If we really need to add the method, I think it should be simplejson compatible.

https://simplejson.readthedocs.io/en/latest/#simplejson.dumps

If for_json is true (not the default), objects with a for_json() method will use the return value of that method for encoding as JSON instead of the object.

3 Likes

It may be worth noting that adding this to JSONEncoder in the manner suggested would have the unexpected behaviour that if a separate default is passed to dumps, the __json__ method would then be completely ignored as providing a default argument to dumps leads to the method on the encoder instance being replaced. (Yes, this behaviour did surprise me when I ran into it).


This may seem tangential but as this has come up a couple of times recently I wonder if it make sense if the JSON documentation recommended providing a default function to the default argument of dumps instead of extending JSONEncoder?

If all you are doing when subclassing is replacing the default method then passing a default to dumps seems to be a more straightforward approach.

It looks like the simplejson documentation was changed to suggest using default. Is there a reason the python documentation still recommends subclassing instead?

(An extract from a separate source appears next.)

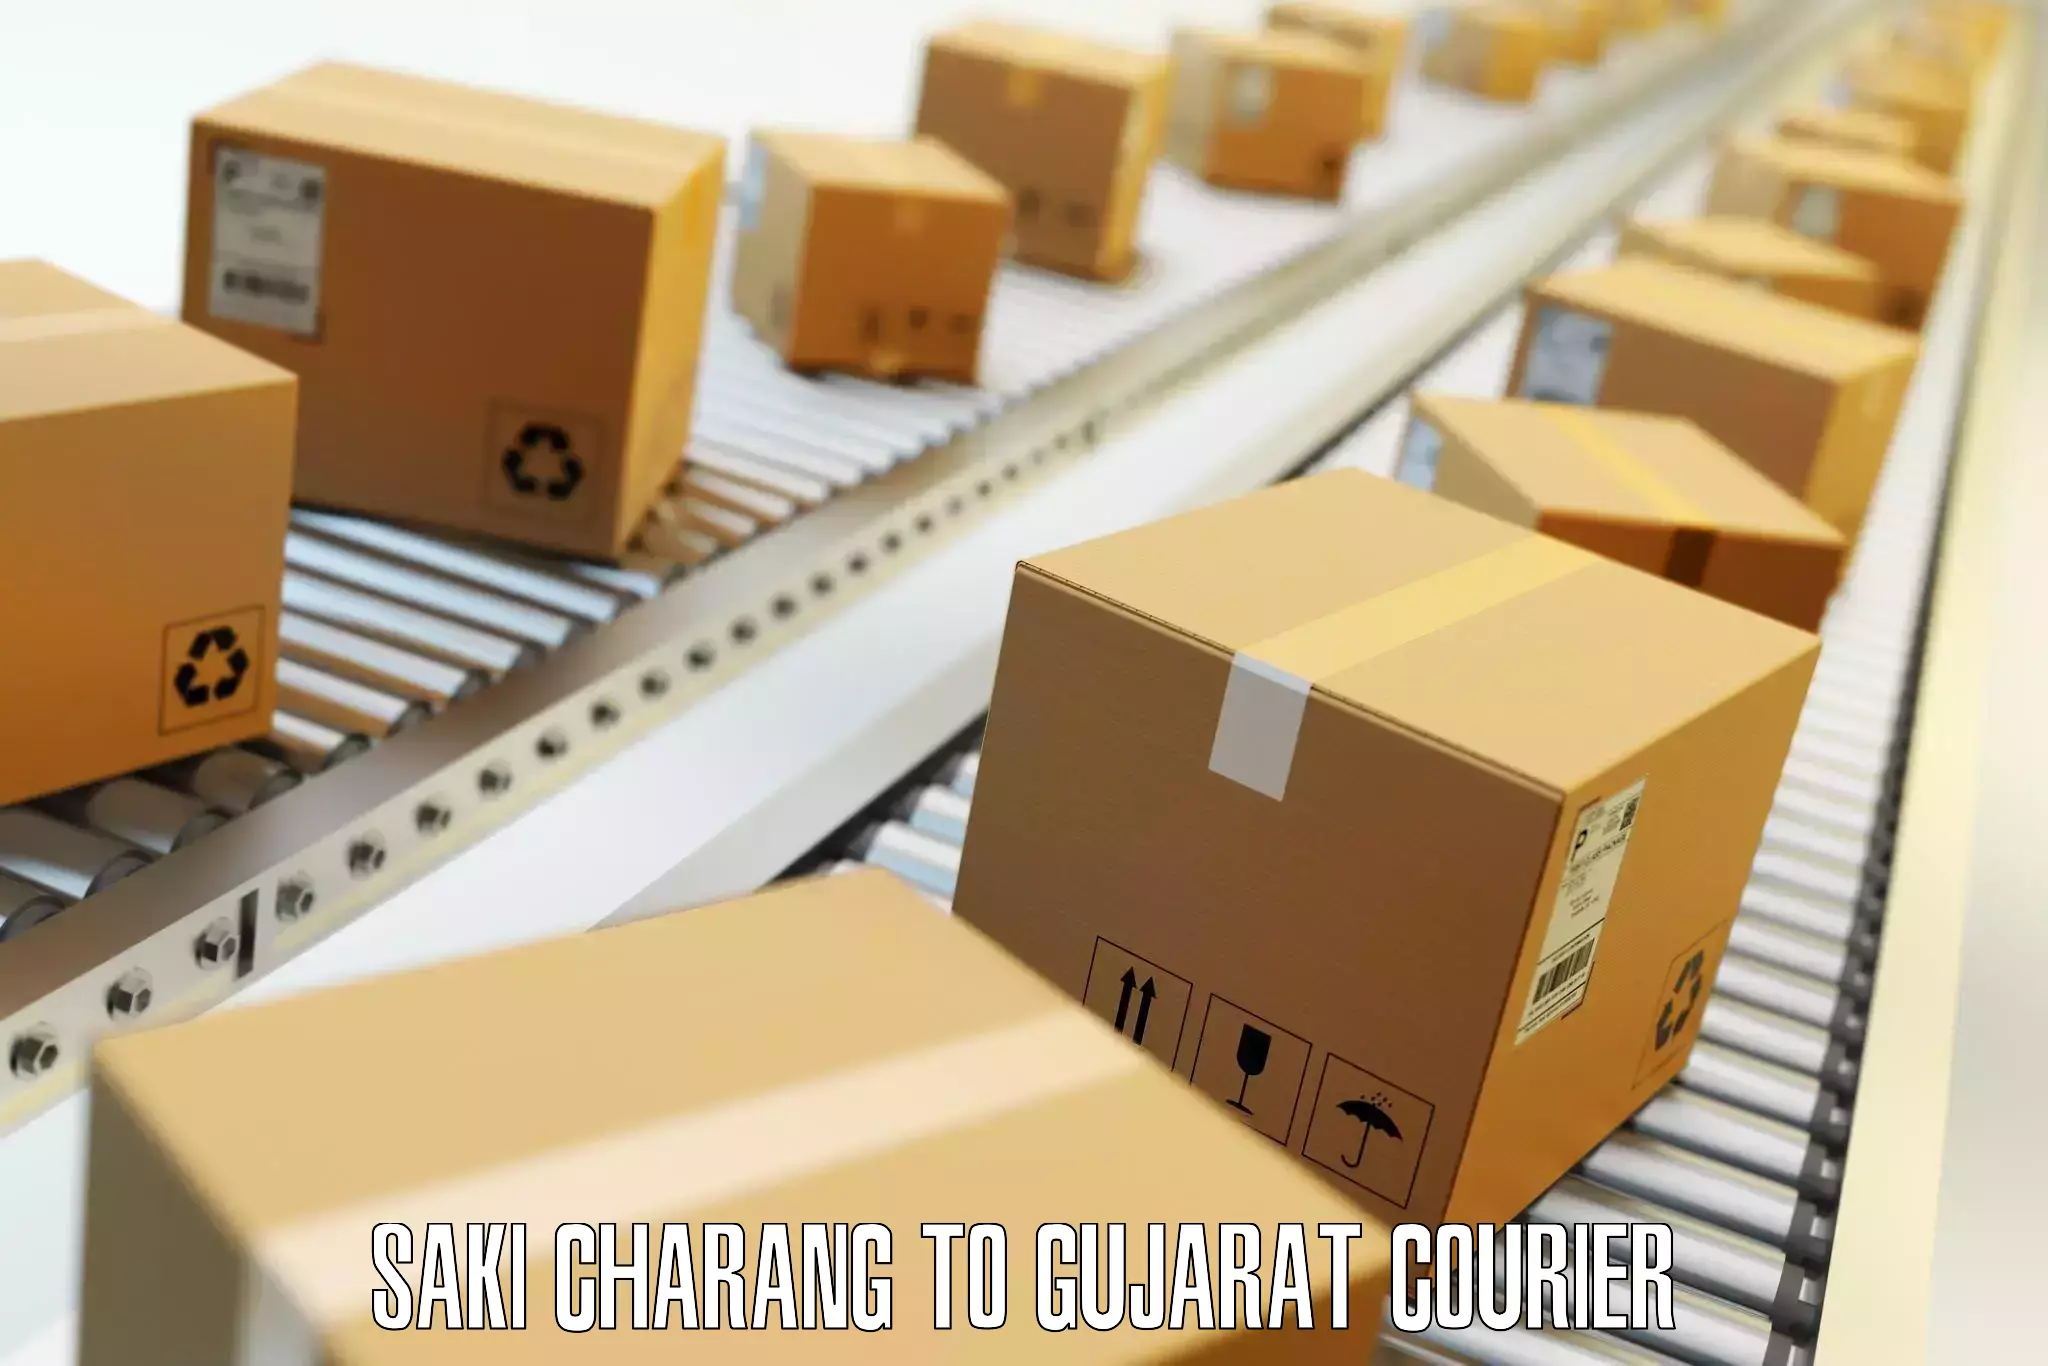 Baggage transport network Saki Charang to Gujarat

Equivalent Python documentation for comparison

How I would do it is a pair of magic methods,__serialise__() and __serialise_object__(). __serialise__() would take one argument, the encoder to serialise with while __serialise_object__() would take the object to serialise. When a user wants to serialise an object, they would call the builtin function serialise() with the object to serialise and how to serialise it. For example serialise(my_object, json.JSONEncoder) would serialise an object to json.
The serialise() function would be defined as:

def serialise(data:object,encoder):
    try:
        return encoder.__serialise_object__(data)
    except NotImplementedError:
        try:
            return data.__serialise__(encoder)
        except NotImplementedError:
            raise NotImplementedError(f"Cannot serialise {data!s} using {encoder!s}")

When writing the __serialise__() method, the programmer wouldn’t need to know which types the encoder can handle natively because that’s handled in serialise().

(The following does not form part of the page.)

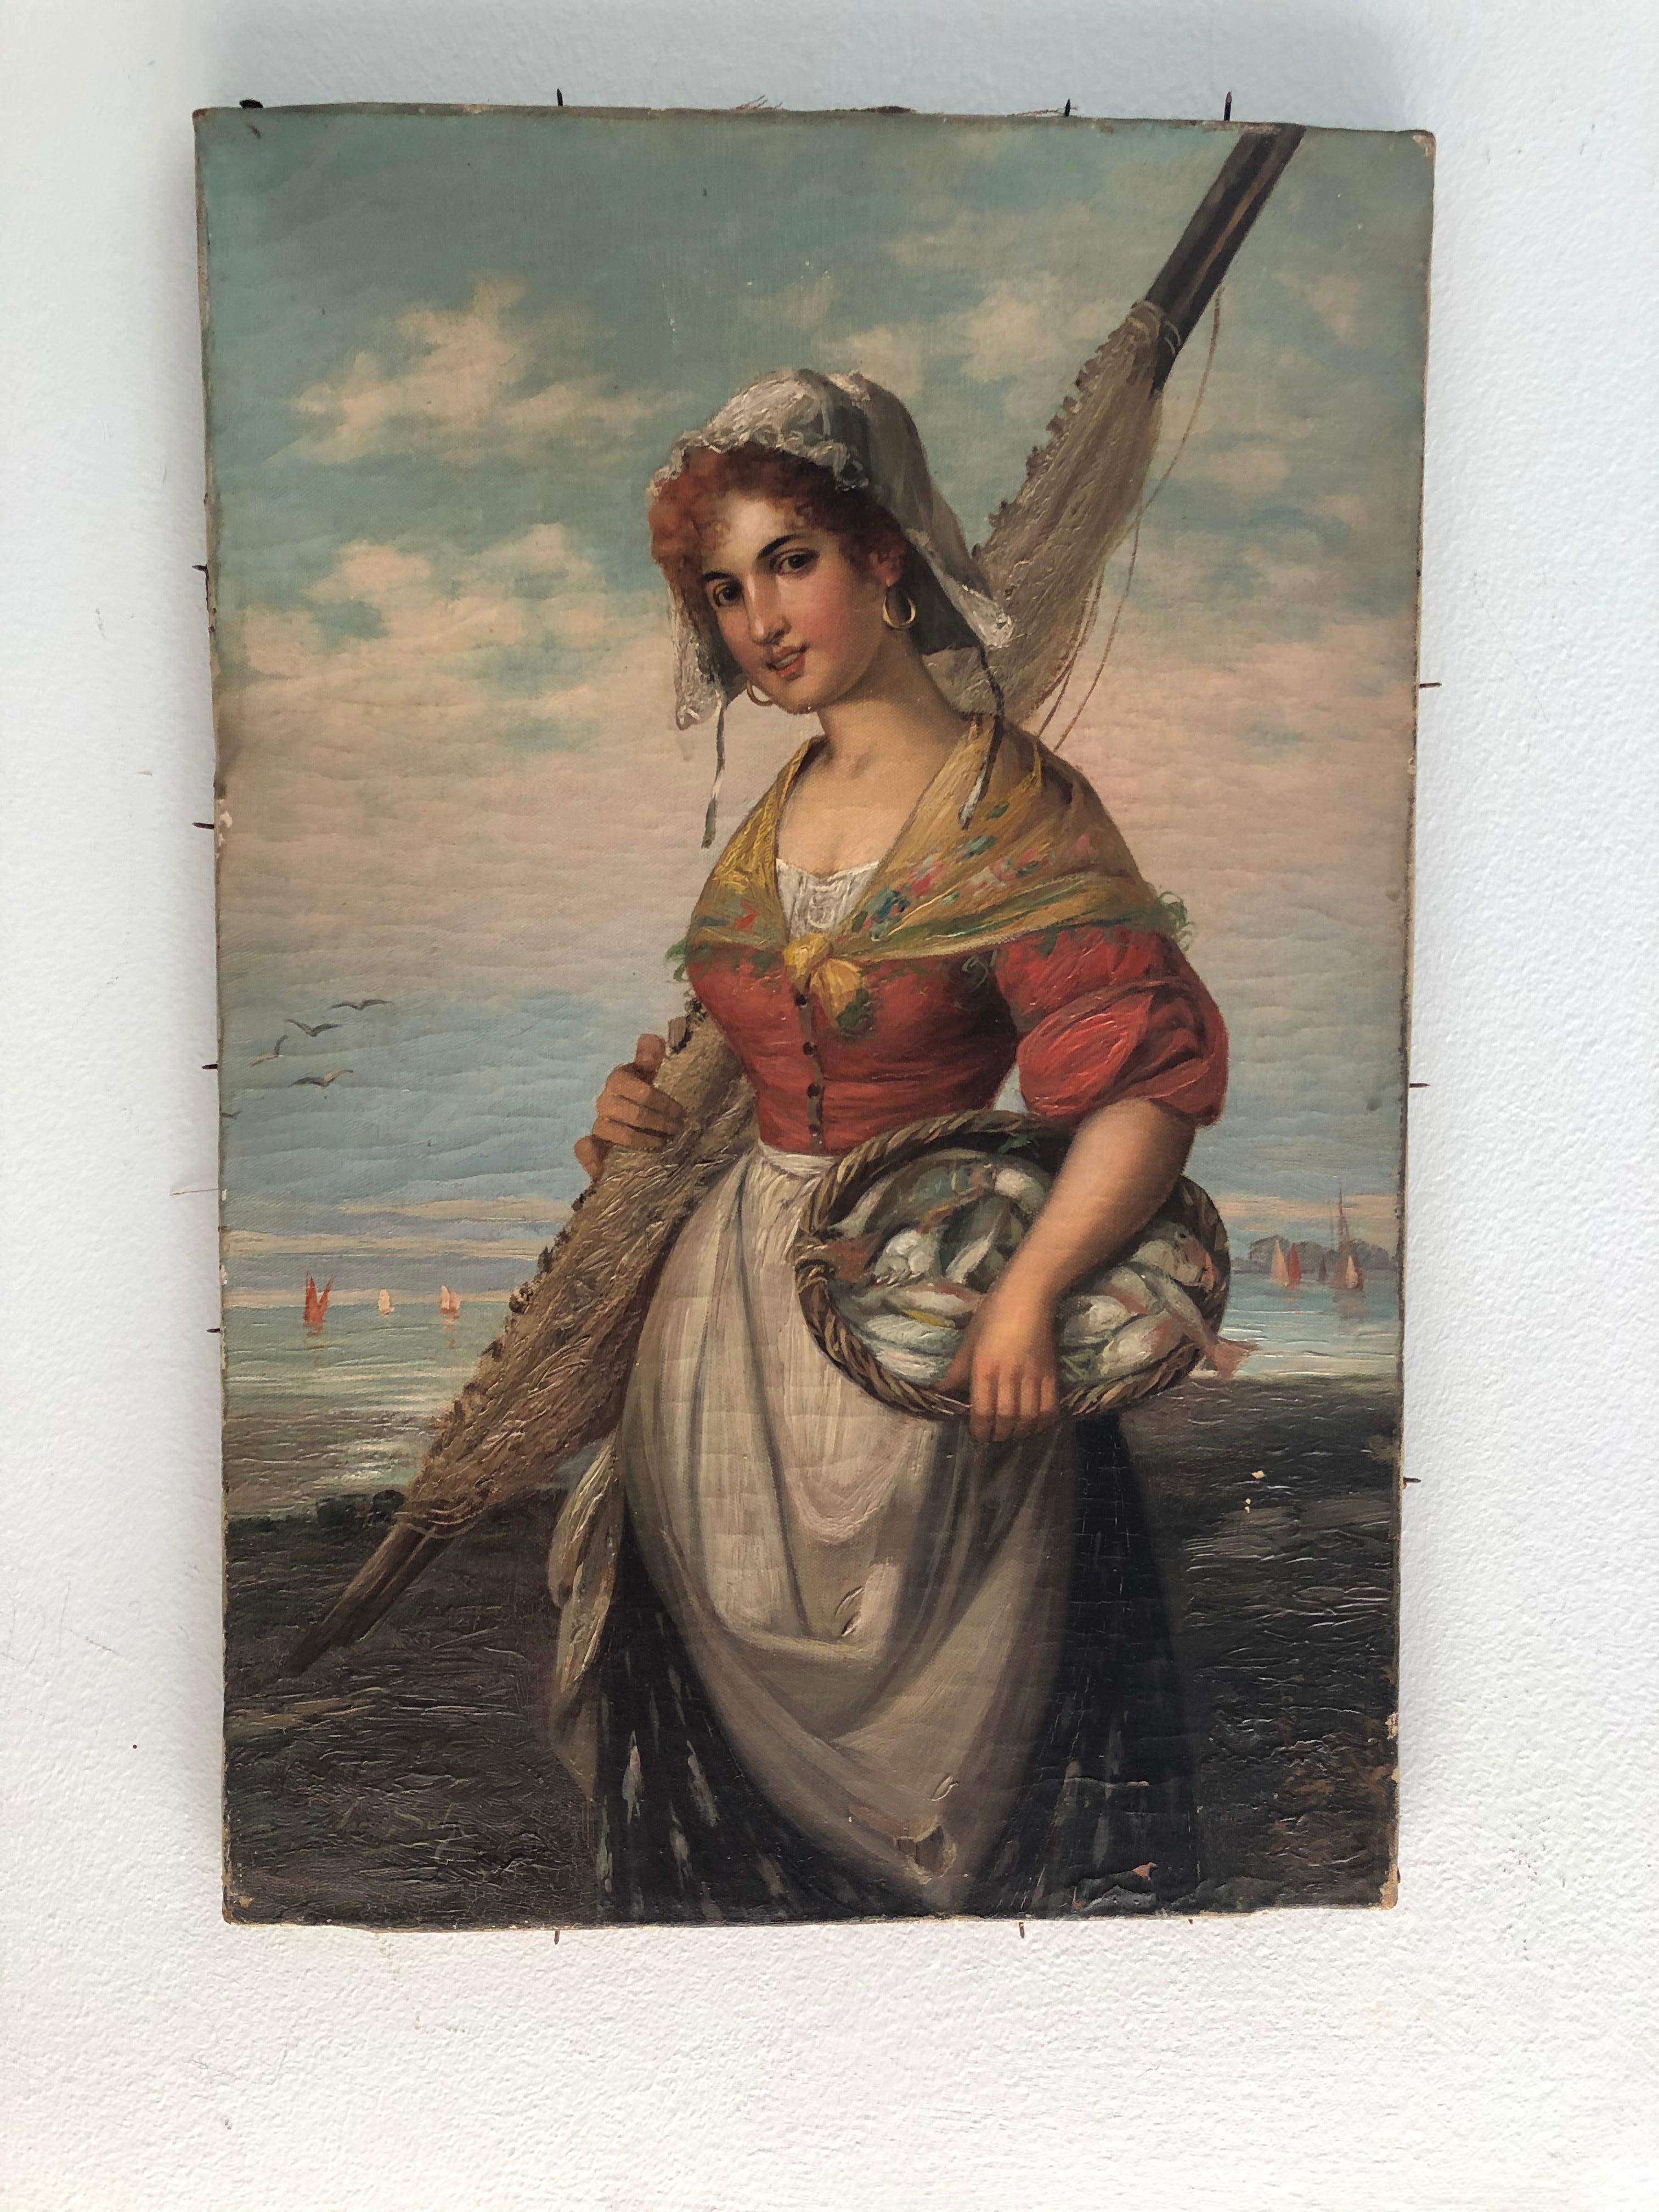 Joseph Wilhelm Suhs : 1864-1938. Artiste allemand listé avec des records d'enchères de plus de 4500 $. Cette huile sur toile représentant une charmante femme apportant la prise du jour mesure 18 3/4 pouces de haut sur 12 1/2 de large. Il n'est pas

This way the writer of the encoder only needs to deal with the types that can be natively serialised and the programmer writing __serialise__() can effectivly ignore what the data is being serialised to.

2 Likes

I’m not sure why no one thought of this, but essentially there is an underlying issue with Python: All libraries assume all types are serializable. This assumption fails for a user-defined class. To be fair, Python almost solves the serialization problem since many other frameworks have assumed no class is serializable (without special libraries or custom methods). Serializers like pickle grab every attribute, but not every attribute should be saved (Some attributes may be specific to runtime, such as counters, a game engine’s custom opengl vector class, etc.; other attributes may objects that need recursive processing, such as another attribute that is a custom vector class but should be converted to a tuple and stored).

My solution:

  • Make a __decompose__ method that returns a dict, other iterable, or other built-in type (Typically, a custom class is best represented by a dict, but a custom vector class is best represented by a tuple of float/int, so any built-in type should be allowed). In the case of an iterable, your __decompose__ implementation should guarantee built-in types for each value recursively, including by checking if each value has its own __decompose__ method that can be called.
  • Then a @classmethod __compose__(cls, instance) can be implemented that accepts the built-in type instance, but should return an instance of cls.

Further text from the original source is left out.